**ENTRIES PROVIDED:**
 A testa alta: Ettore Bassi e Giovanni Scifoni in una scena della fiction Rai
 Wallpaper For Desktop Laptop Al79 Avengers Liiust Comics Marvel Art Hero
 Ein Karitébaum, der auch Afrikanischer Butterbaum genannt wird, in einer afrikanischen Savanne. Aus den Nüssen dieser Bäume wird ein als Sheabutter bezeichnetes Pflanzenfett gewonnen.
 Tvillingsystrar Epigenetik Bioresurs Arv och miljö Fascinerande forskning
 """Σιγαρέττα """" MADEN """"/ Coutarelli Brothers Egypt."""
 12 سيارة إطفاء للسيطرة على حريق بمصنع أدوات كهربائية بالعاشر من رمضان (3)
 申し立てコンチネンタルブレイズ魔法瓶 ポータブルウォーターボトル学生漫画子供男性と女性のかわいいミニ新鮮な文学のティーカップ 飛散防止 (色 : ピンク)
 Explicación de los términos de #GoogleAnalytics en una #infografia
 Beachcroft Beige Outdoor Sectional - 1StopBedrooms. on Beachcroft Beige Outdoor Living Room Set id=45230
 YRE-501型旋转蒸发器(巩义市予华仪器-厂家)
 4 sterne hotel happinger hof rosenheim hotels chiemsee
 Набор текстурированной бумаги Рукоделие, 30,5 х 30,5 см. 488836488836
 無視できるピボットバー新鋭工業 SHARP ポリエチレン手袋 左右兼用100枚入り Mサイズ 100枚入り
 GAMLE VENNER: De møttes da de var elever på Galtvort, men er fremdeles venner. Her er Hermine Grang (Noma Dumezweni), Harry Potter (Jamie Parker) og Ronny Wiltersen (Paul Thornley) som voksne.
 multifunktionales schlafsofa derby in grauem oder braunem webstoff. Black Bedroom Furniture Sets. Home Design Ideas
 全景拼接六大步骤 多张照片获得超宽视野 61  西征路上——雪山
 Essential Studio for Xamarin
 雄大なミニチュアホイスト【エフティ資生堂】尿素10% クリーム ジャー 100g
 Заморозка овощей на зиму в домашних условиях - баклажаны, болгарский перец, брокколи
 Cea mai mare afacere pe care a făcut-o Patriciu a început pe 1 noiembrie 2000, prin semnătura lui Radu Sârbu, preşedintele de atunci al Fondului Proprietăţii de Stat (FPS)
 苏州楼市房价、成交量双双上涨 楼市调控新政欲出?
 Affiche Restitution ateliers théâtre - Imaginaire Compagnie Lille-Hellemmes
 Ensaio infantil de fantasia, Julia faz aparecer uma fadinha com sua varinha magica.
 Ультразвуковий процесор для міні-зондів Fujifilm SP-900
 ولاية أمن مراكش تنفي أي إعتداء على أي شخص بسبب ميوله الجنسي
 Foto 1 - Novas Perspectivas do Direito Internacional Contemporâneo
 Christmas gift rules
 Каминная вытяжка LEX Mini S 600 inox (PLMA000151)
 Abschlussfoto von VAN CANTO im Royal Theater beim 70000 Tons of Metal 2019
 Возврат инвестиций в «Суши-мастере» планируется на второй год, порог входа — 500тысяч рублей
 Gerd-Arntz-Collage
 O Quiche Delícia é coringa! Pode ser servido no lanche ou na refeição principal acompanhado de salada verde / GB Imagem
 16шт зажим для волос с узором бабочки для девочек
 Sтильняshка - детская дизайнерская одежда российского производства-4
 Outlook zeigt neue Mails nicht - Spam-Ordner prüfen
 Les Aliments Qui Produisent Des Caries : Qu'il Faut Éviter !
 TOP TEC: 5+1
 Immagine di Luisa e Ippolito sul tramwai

**WHAT THE TASK ASKS:**
Return only the lines running from the line with "全景拼接六大步骤 多张照片获得超宽视野 61" to the last line of the records, both included, exactly as written.

**TASK RESULT:**
 全景拼接六大步骤 多张照片获得超宽视野 61  西征路上——雪山
 Essential Studio for Xamarin
 雄大なミニチュアホイスト【エフティ資生堂】尿素10% クリーム ジャー 100g
 Заморозка овощей на зиму в домашних условиях - баклажаны, болгарский перец, брокколи
 Cea mai mare afacere pe care a făcut-o Patriciu a început pe 1 noiembrie 2000, prin semnătura lui Radu Sârbu, preşedintele de atunci al Fondului Proprietăţii de Stat (FPS)
 苏州楼市房价、成交量双双上涨 楼市调控新政欲出?
 Affiche Restitution ateliers théâtre - Imaginaire Compagnie Lille-Hellemmes
 Ensaio infantil de fantasia, Julia faz aparecer uma fadinha com sua varinha magica.
 Ультразвуковий процесор для міні-зондів Fujifilm SP-900
 ولاية أمن مراكش تنفي أي إعتداء على أي شخص بسبب ميوله الجنسي
 Foto 1 - Novas Perspectivas do Direito Internacional Contemporâneo
 Christmas gift rules
 Каминная вытяжка LEX Mini S 600 inox (PLMA000151)
 Abschlussfoto von VAN CANTO im Royal Theater beim 70000 Tons of Metal 2019
 Возврат инвестиций в «Суши-мастере» планируется на второй год, порог входа — 500тысяч рублей
 Gerd-Arntz-Collage
 O Quiche Delícia é coringa! Pode ser servido no lanche ou na refeição principal acompanhado de salada verde / GB Imagem
 16шт зажим для волос с узором бабочки для девочек
 Sтильняshка - детская дизайнерская одежда российского производства-4
 Outlook zeigt neue Mails nicht - Spam-Ordner prüfen
 Les Aliments Qui Produisent Des Caries : Qu'il Faut Éviter !
 TOP TEC: 5+1
 Immagine di Luisa e Ippolito sul tramwai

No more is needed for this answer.